うちは丼!

 


 夢を見た。


 いや……夢じゃねぇのか。そうだ、あれは実際に起きた出来事……オイラ自らが体験した事だ。

 岩隠れで生を受け、孤児として育ち、忍になり、自らに禁術を施して、里を抜け……“暁”に入って。

 そして――戦いの最中、自らが芸術となり命を落とした。


 ま、その後穢土転生だかいう術で生き返ったり、また死んだり、色々あったワケだが……。

 兎に角、オイラは死んだ筈だ。それが何故か生きている。……本当に何故か。生まれ変わりか? でもそんな徳積んだ覚えねーしな……。


 布団に寝転がったまま、頭上に手を翳してみる。小さく柔らかそうな手だった。

 それもその筈、今のオイラはどうやら三歳のガキらしい。つい先日、両親から誕生日を祝われた記憶があった。


 共に寝ていた筈の母親は既に起きているようで、台所の方から包丁を使う音が聞こえてくる。

 父親は確か、任務だったか? 仕事で今晩は帰ってこないとお母さんに言われた気がする。

 ……“両親”とか“お母さん”とか、前世の自分とは馴染みが無さすぎる言葉のせいで違和感が凄いが、まぁ今生は恵まれてるって事かもな。家もデケェし。


 俗っぽい事をつらつら考えながら起き上がり、姿見の前に立った。そこで固まる。

 早朝の柔らかな光に照らされて、そこに映し出されていたのは……幼いオイラ、デイダラの姿。


 ただし、黒髪で黒眼だった。


 ……思い返せば、母親も父親も……何なら一族郎党ほぼ全てが黒髪黒眼だった気がする。そして物凄く嫌な予感がする。

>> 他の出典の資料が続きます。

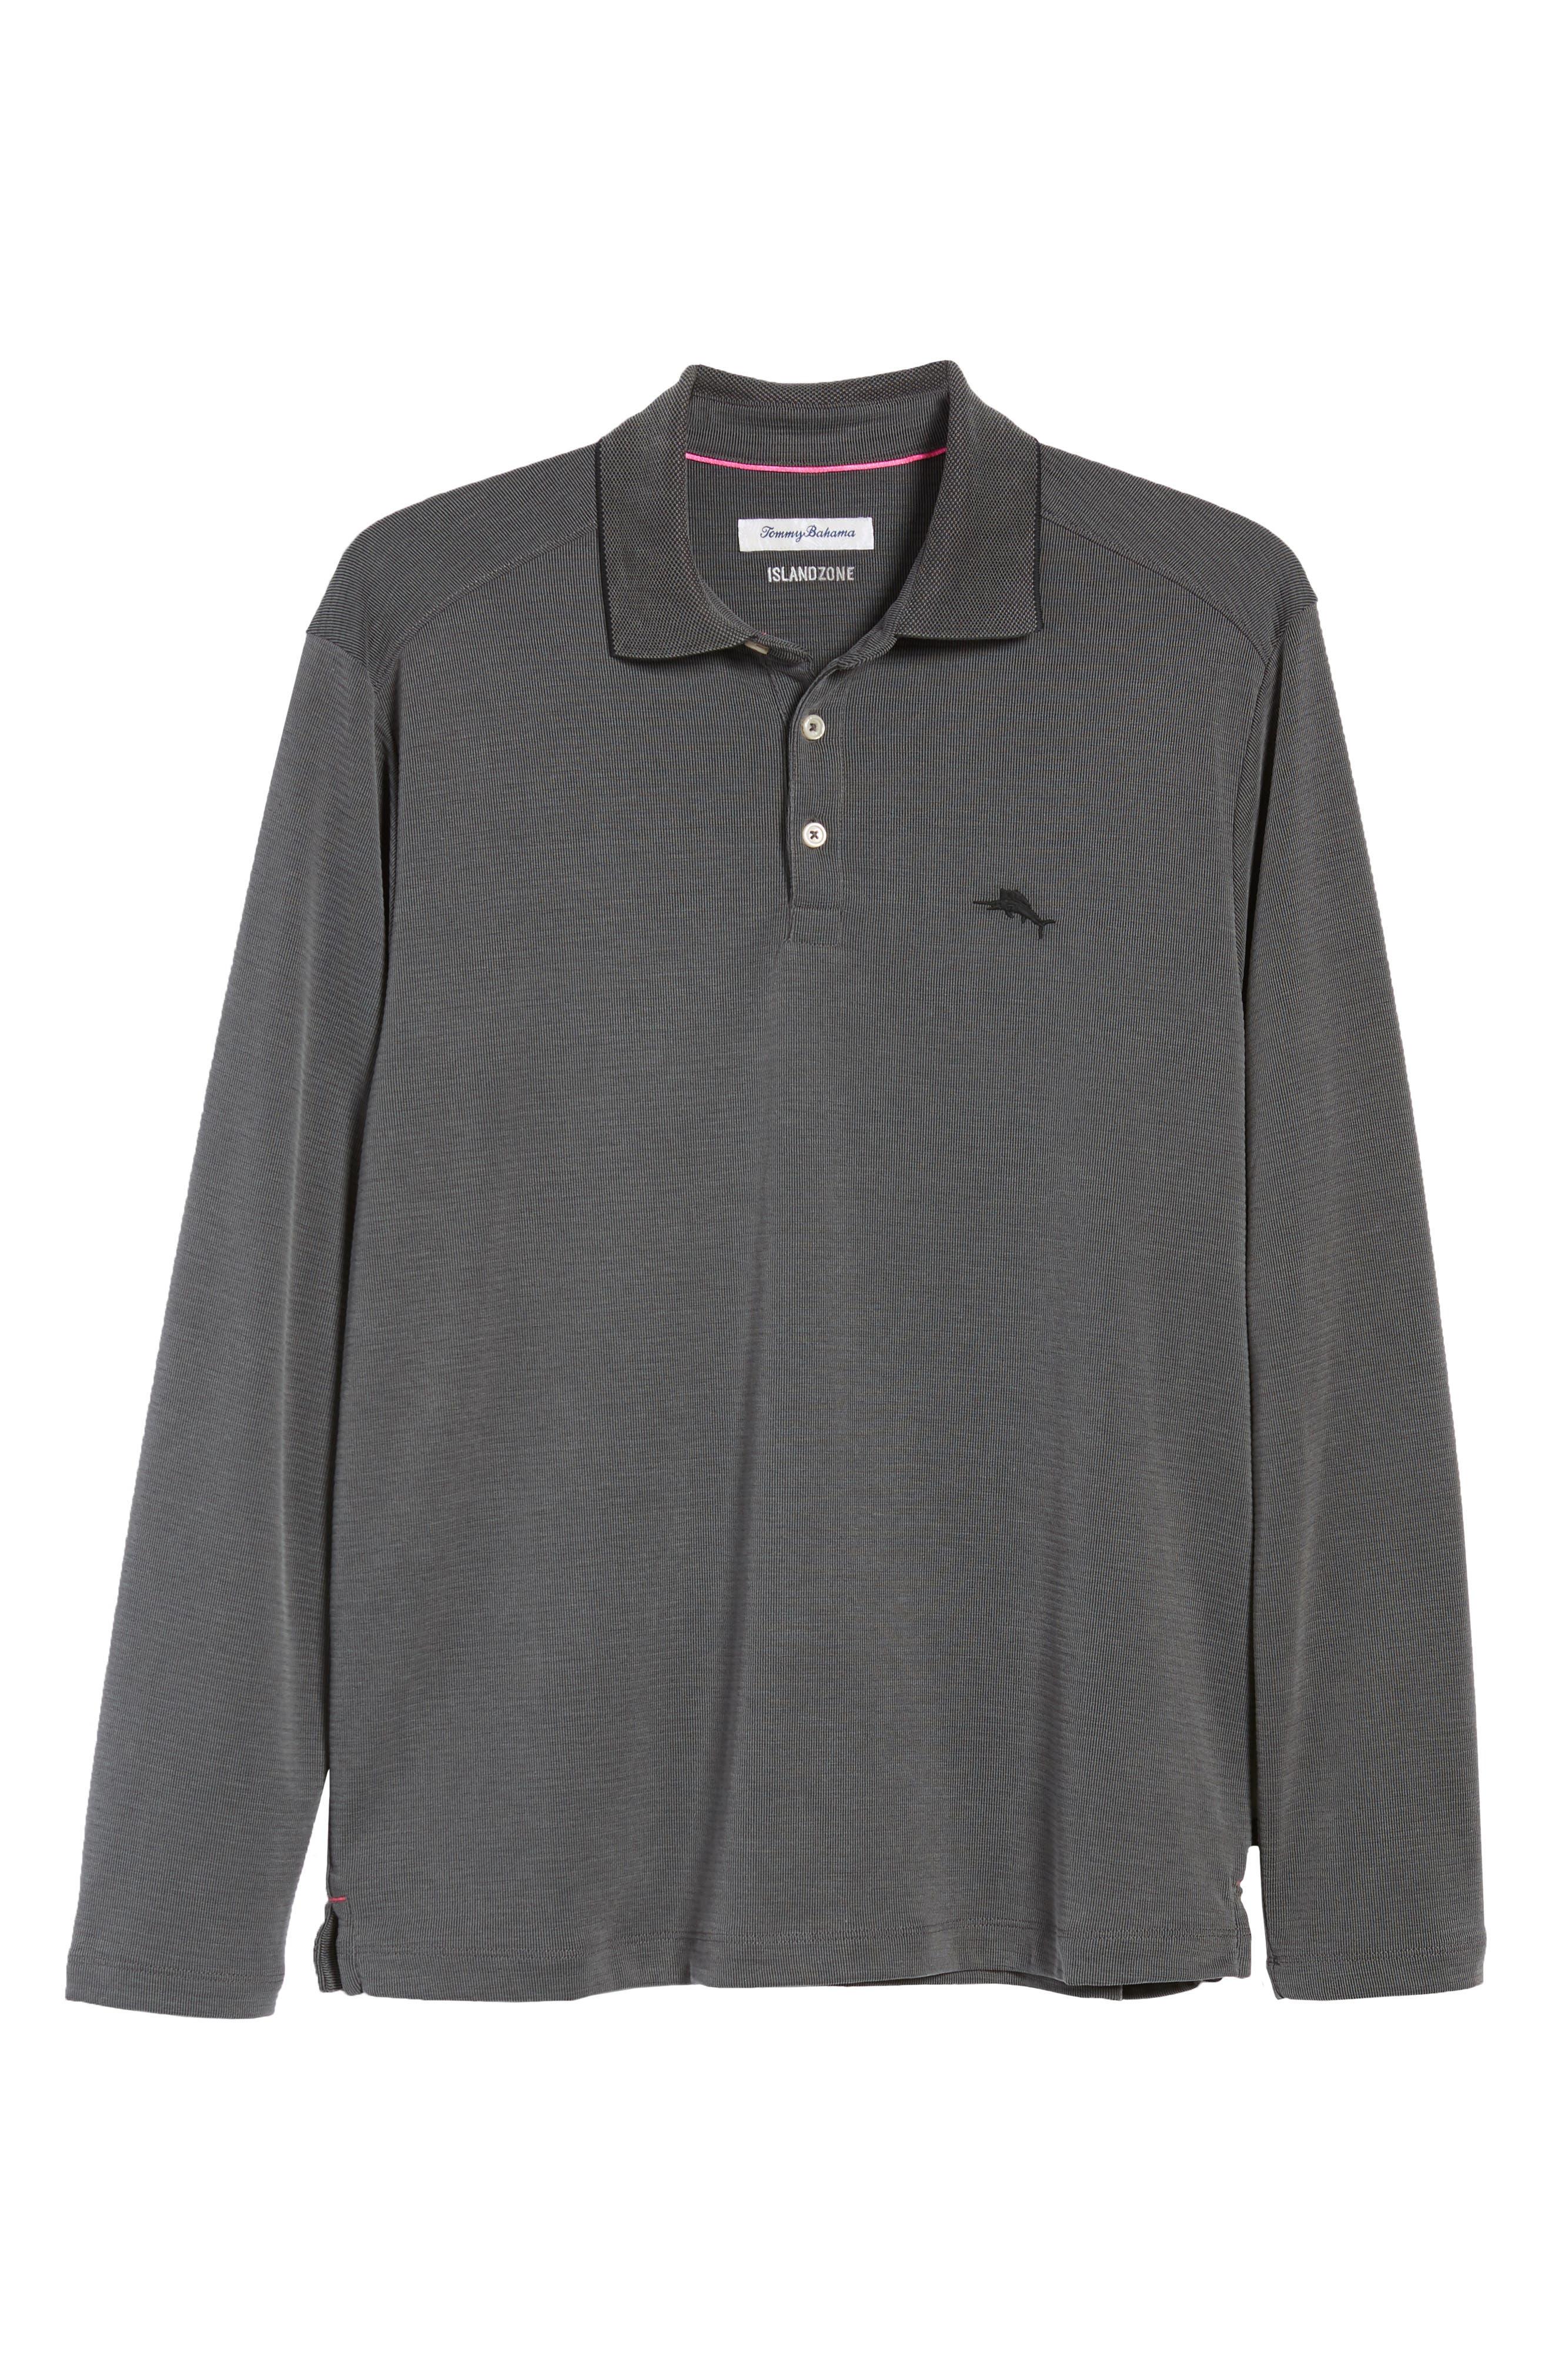 TOMMY BAHAMA, Coastal Crest Regular Fit Polo, Alternate thumbnail 6, color, BLACK

 外れろ外れろと念じながら部屋の箪笥を漁る。すぐに出てきた母子手帳、その表紙には――「うちはデイダラ」と確かに印刷されていた。


「マジかよ……うん」


 あ、口癖出ちまった。




 自分はどうやら、数日熱を出して寝込んでいたらしい。起きたオイラを見た母が安心した顔でそう言っていた。

 そういえばかなりしんどい思いをした覚えがある。前世の記憶を取り戻した衝撃のせいであやふやだけどな。

 混乱のまま朝食を食べ終え、母からの問いに生返事を繰り返していたら、まだ熱があるのかと勘違いされ布団に押し込められてしまった。

 仰向けに寝転がり、天井を見上げる。


「ハァ……」


 溜め息を漏らす。よりによって何故“うちは”なのか。


 認めたくねェが……あの頃のオイラはイタチに嫉妬していた。写輪眼に思わず魅入ってしまい、その美しさに芸術性を見出してしまったこと、全く相手にされなかったこと……生まれて初めて感じた屈辱を思い出し歯噛みする。

 そして同じような汚辱を、弟のサスケにも味わわされた。アイツら兄弟は、オレを……オイラの作品を、芸術を決して見ようとしない。それが腹立たしかった。


 ――しかし自分がその“うちは一族”に生まれ変わるだなんて、誰が想像しただろうか。

 写輪眼が、あの赤く美しい瞳が……己にも開眼するかもしれない。興奮するような、絶望の淵に立たされているような……妙な気持ちだ。


 ゴロンと寝返りを打つ。

 窓ガラスの向こうに見える庭は緑が映え、火の国らしい古式床しいものだった。土の国のあの無味乾燥で土色一辺倒な物とは違う。

 アレはアレで壊しがいがありそうで、オイラは好きだったけどな。


 オイラは目を閉じ、思考を巡らせる。何か大切なことを忘れているような気がした。

 というか、前世で自分の身に起きた事は覚えていても、それ以外は割とあやふやだ。


 例えば“暁”に加入したイタチが、なんで里を抜けたかだとか……。何だったっけ。重大なようで、そうでもないような……うん……。


「……うぅん……?」


 ……駄目だ。一向に思い出せない。ま、もしそれが重要な事柄だったなら後から思い出せるようになるだろう。多分な。うんうん。


 無理やりに自分を納得させたオイラは、溜め息を吐きつつ起き上がった。

 正直、整理が付いてねぇ部分もある。“うちは”云々もそうだが、生まれ変わった理由やら年代やら……謎が多すぎる。ゴチャゴチャ考えても仕方ねえ。まずは情報収集だ。


 とりあえずオイラは、今が一体いつ頃なのかを調べる為に、母親の元へ向かった。



 それはデイダラ三歳の頃。


 ――そして、弟が産まれる二年前の出来事だった。